Шрифт:
Интервал:
Закладка:
– Спасибо, Ваня, вы чудесный. Но, кажется, пора переходить к основным блюдам.
А вот с блюдами вышел облом. Тутошние устрицы были еще терпимы – пресноватые, без океанского аромата, но вроде бы свежие; что же до борща, то он решительно не удался, а котлеты оказались просто отвратительны. В тарелке плескалось алое нечто, со стружкой капусты и свеклы и скудным мазочком сметаны поверх негустого бульона. Пампушка отдавала сдобой. Куриная котлета похожа была на аккуратно свернутый голубец, где вместо кочанных листьев – куриная грудка, снятая тонким слоем. Стало обидно за настоящую водку рядом с поддельной закуской; тем не менее водку выпили, залакировали свекольным бульоном, заели ломтиком картошки, раздраженно позвали манагера.
Манагер покаянно изогнулся.
– Могу узнать имя-отчество господина, имя-отчество госпожи? Благодарю вас, сударь, спасибо, сударыня. Наш немецкий повар, он не понимает, что такое борщ и котлета по-киевски. Малохольный, знаете, народ. Признает одни только тертые супы, а как закажут что-нибудь настоящее, наше, получается жидкая водичка. Или мясная клецка.
– А поменять повара не пробовали? Или сделать сплошь немецкое меню?
– Ну что вы, господин Иван Павлович. Здесь публика солидная, патриотичная. Вот и крутимся как можем. Позвольте от имени заведения предложить вам во исчерпание, так сказать, конфликта, свежайший малиновый мусс под фирменным названием «Парфе»?

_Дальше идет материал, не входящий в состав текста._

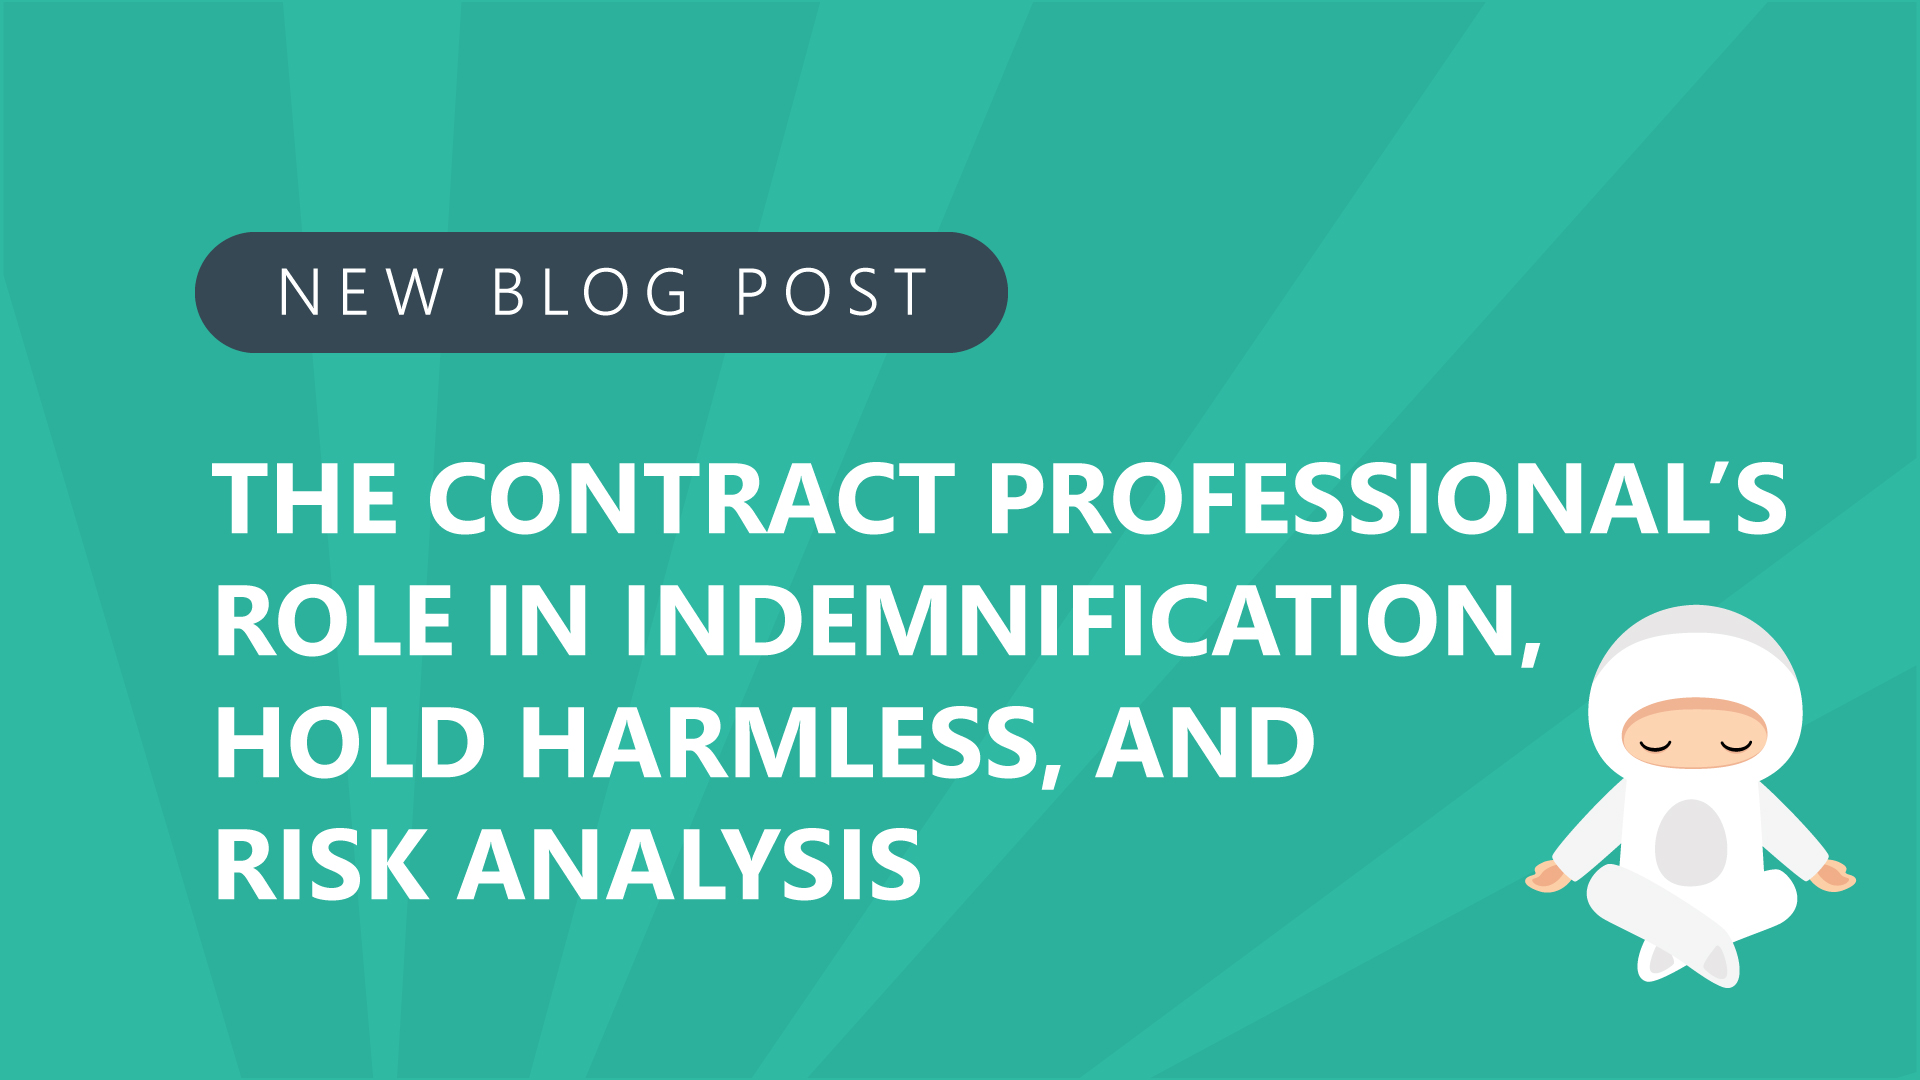 3-The-Contract-Professionals-Role-In-Indemnification-Hold-Harmless-and-Risk-Analysis.jpg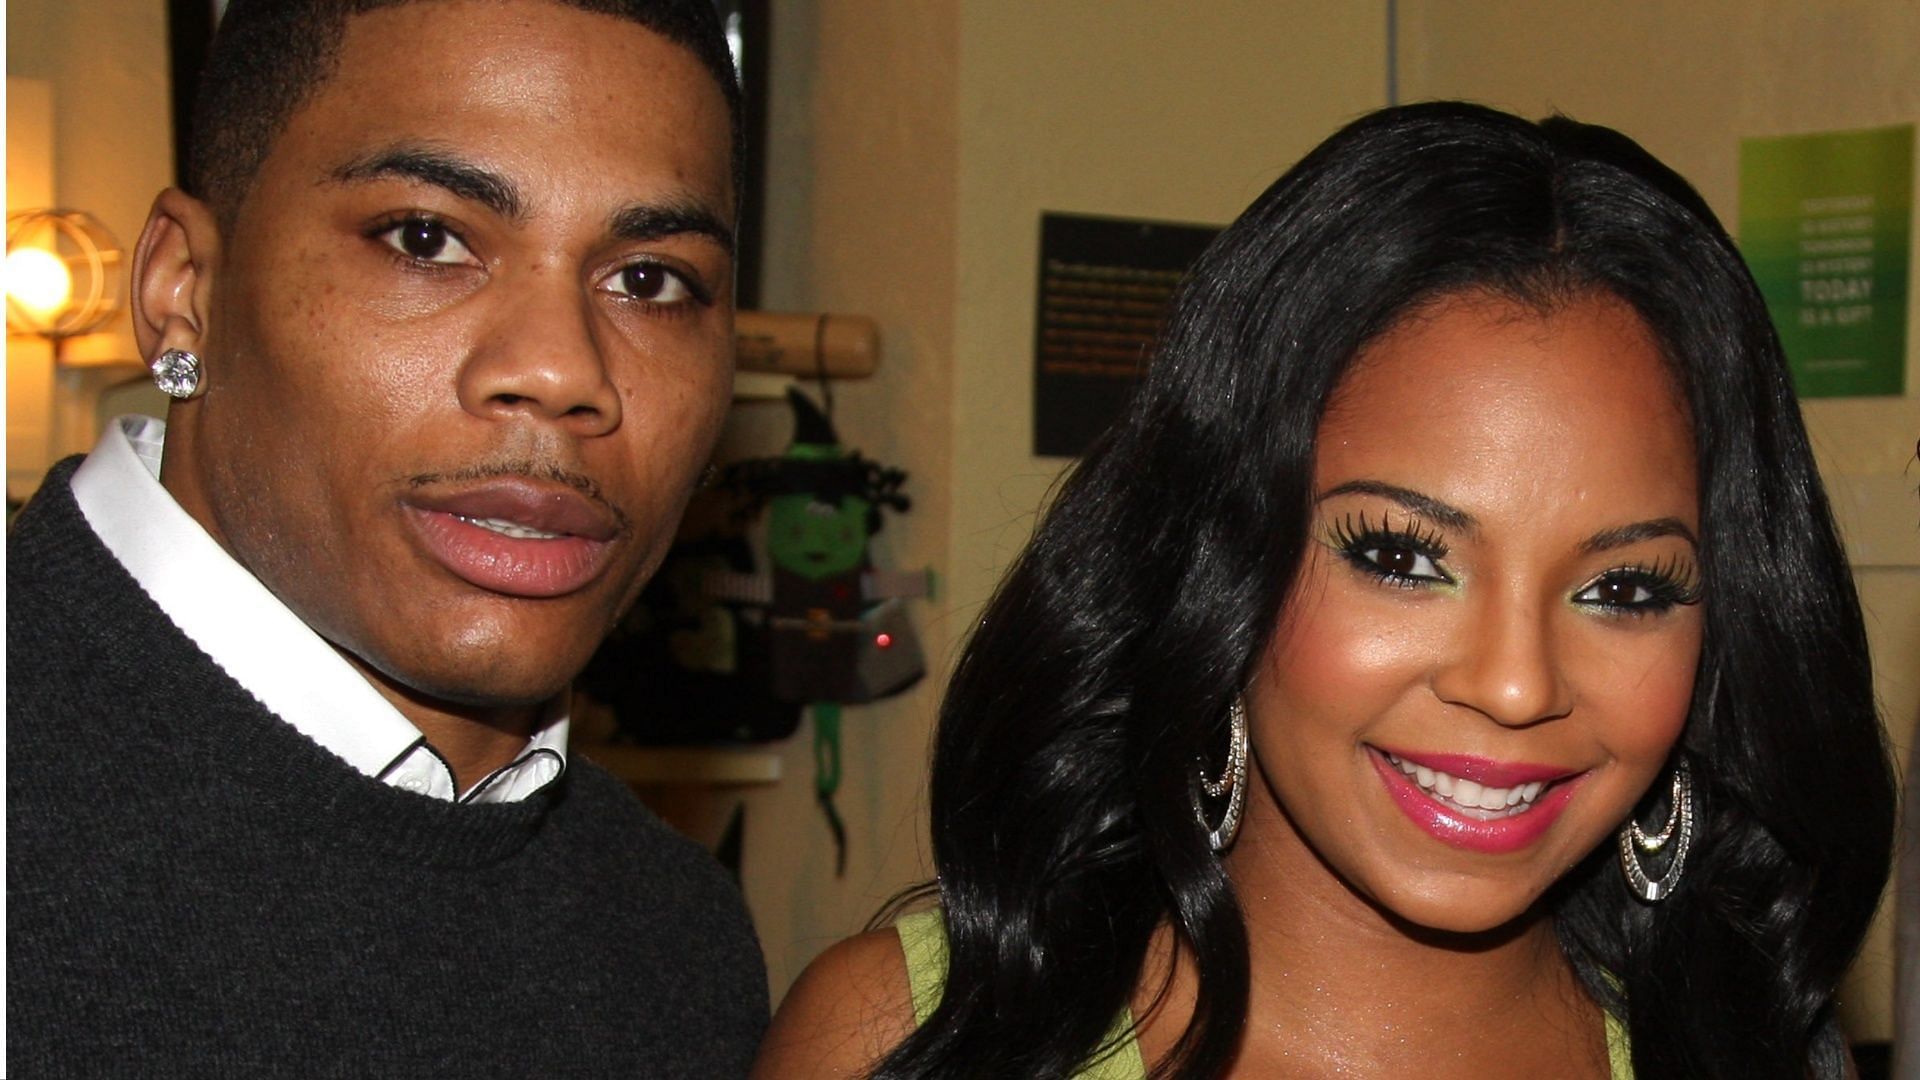 Nelly and Ashanti. (Photo via Getty Images)

10Интересный вопрос. Если передвижника сканировать, перевести в черно-белый формат, заверстать на типографский целлулоид и вмонтировать в авангардный синтезатор – что получится? Какой образуется звук? Полная чушь или все-таки проявится странная мелодия пейзажа? А если – старинную карту работы какого-нибудь Корнея Бородавкина, или Еремея Владыкина, или Михайлы Башмакова, или морского гидрографа Петра Анжу? Вогнать в машину, закрепить боковыми плашками, запустить процесс перевода прозрачной картинки в тягучий звук. И послушать музыку древней Сибири, Китая, Северного моря? Фантастика. Перспектива. Куда там Репину и даже Левитану. Так что решение принято; он не уйдет отсюда, пока они с Колокольниковым вслепую, со взаимной опаской, как два рыбака, упустившие бредень, не нащупают ценовое дно. Без этой игрушки Мелькисарову не жить, она будет ему мерещиться, сниться, бросать в холодную дрожь, как первое влечение в самом начале любви.
Они обедали во внутреннем дворе; без польт, как выразился Колокольников, под мощной газовой горелкой. Горелка астматически сипела, синее пламя вращалось по кругу, верхнее тепло волной прокатывалось от головы к ногам, холодный свежий воздух успевал коснуться тела и тут же согревался, не причинив особого вреда; сквозь жаркую окалину горелки пахло преющим снегом и мокрой сосной.
– Хорошо ты, Колокольников, устроился.
– А то. Природа. Да у тебя что ль дома за городом нет? ты разве бедный, Мелькисаров?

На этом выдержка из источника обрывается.